Returning to directional information in audio, this is something that various researchers have been looking into for ambient speech recognition, where there are two different speakers in the same room, such as a doctor and a patient. The state of the art in separating the audio from the two speakers is not very good. Researchers at Microsoft recently published a paper where they used a cluster of twelve microphones and a bi-directional neural net (something of a sledge hammer in the world of neural nets). Their results were a new “best” (in terms of published findings), but pretty poor compared with what humans do with ease. The researchers at Google’s Deep Mind have also tried doing ambient speech recognition in doctors’ offices in the UK. Their pithy summary – a much harder problem than they had thought.

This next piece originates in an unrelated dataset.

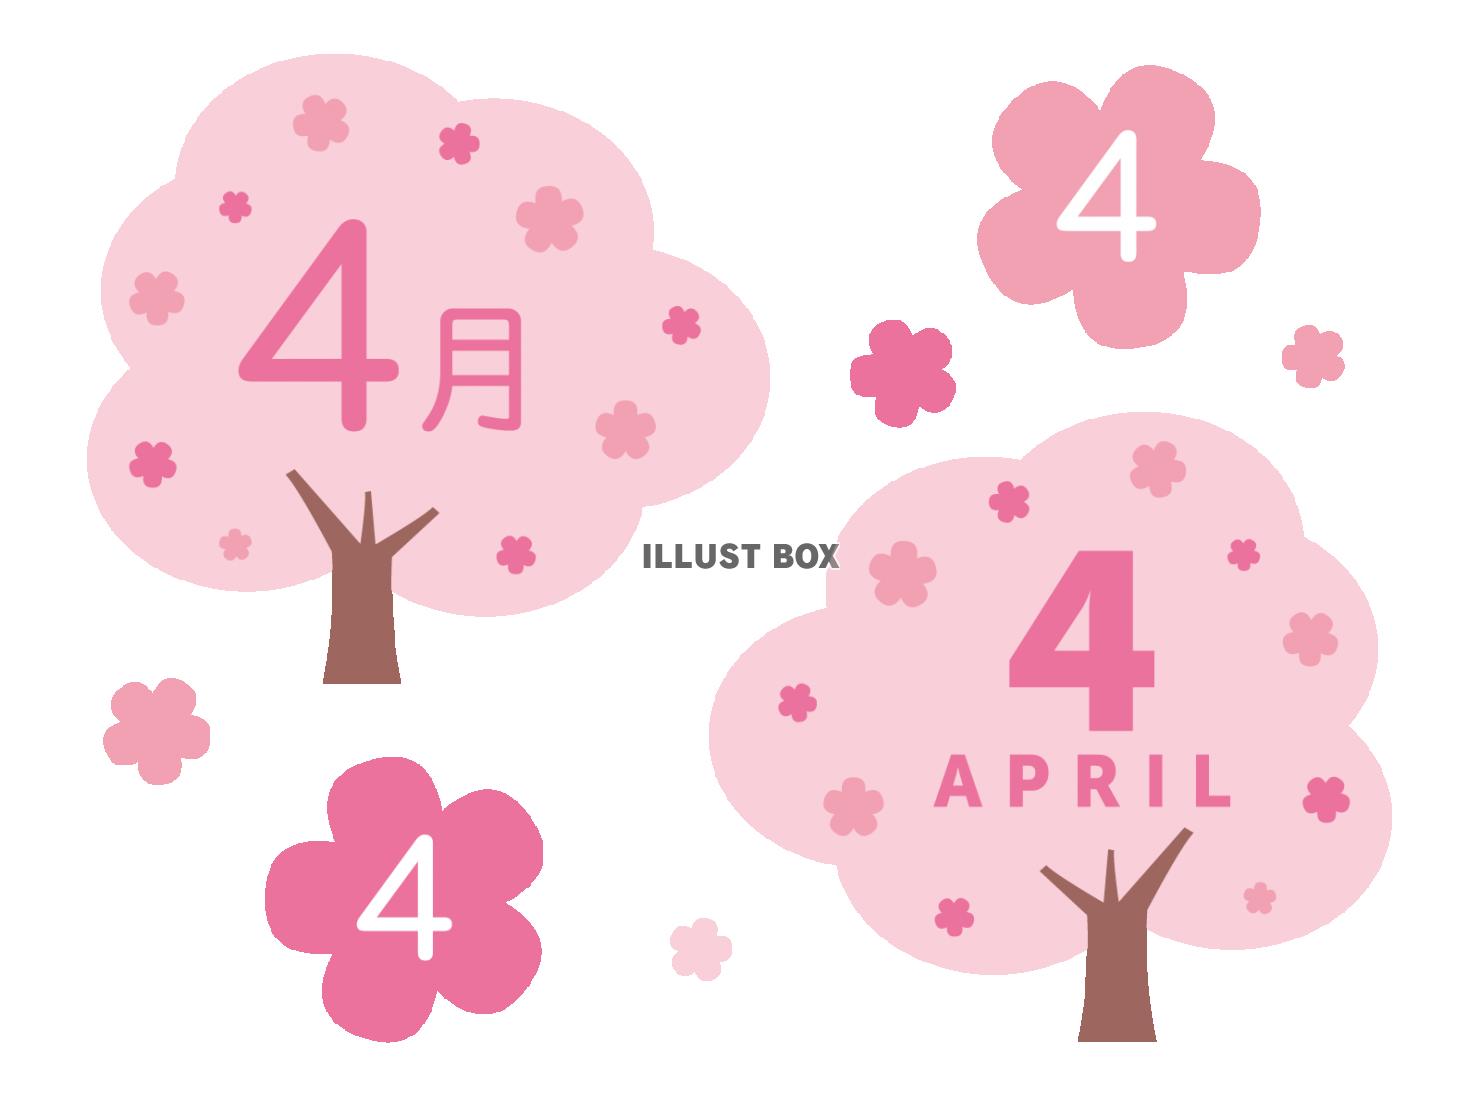 カレンダーの見出しに使えるかわいい桜の素材セット_4月

Speech recognition also intersects with privacy concerns. There are things called voice prints which identify speakers. In the world of customer service there is a lot of fraud committed by criminals who use stolen identities to fraudulently buy goods and services. Since they are repeat offenders it is possible to create a database of their voice prints and screen incoming callers against this database for matches. Let’s follow the voice print into the healthcare setting. A hospital chooses to deploy Amazon or Google smart speakers so that patients can control their TVs and do other simple tasks without troubling a nurse. Patient and nurse satisfaction both increase. What’s not to like? In this (admittedly dark) scenario, Amazon and Google have heard the patient’s voice and made a voice print, which they match against voice prints from mobile phones or speakers deployed at home. The patient is discharged and is now bombarded with ads for healthcare products and services targeted to the condition(s) they were treated for. The temptation for Amazon and Google to monetize the voice information is great. If patients/consumers don’t want this, who is liable for disclosure of the patient’s identifying information and the fact that they had a recent hospital stay? How many people realize that a patient’s voice, once captured by computer, is now “PII” and subject to privacy laws?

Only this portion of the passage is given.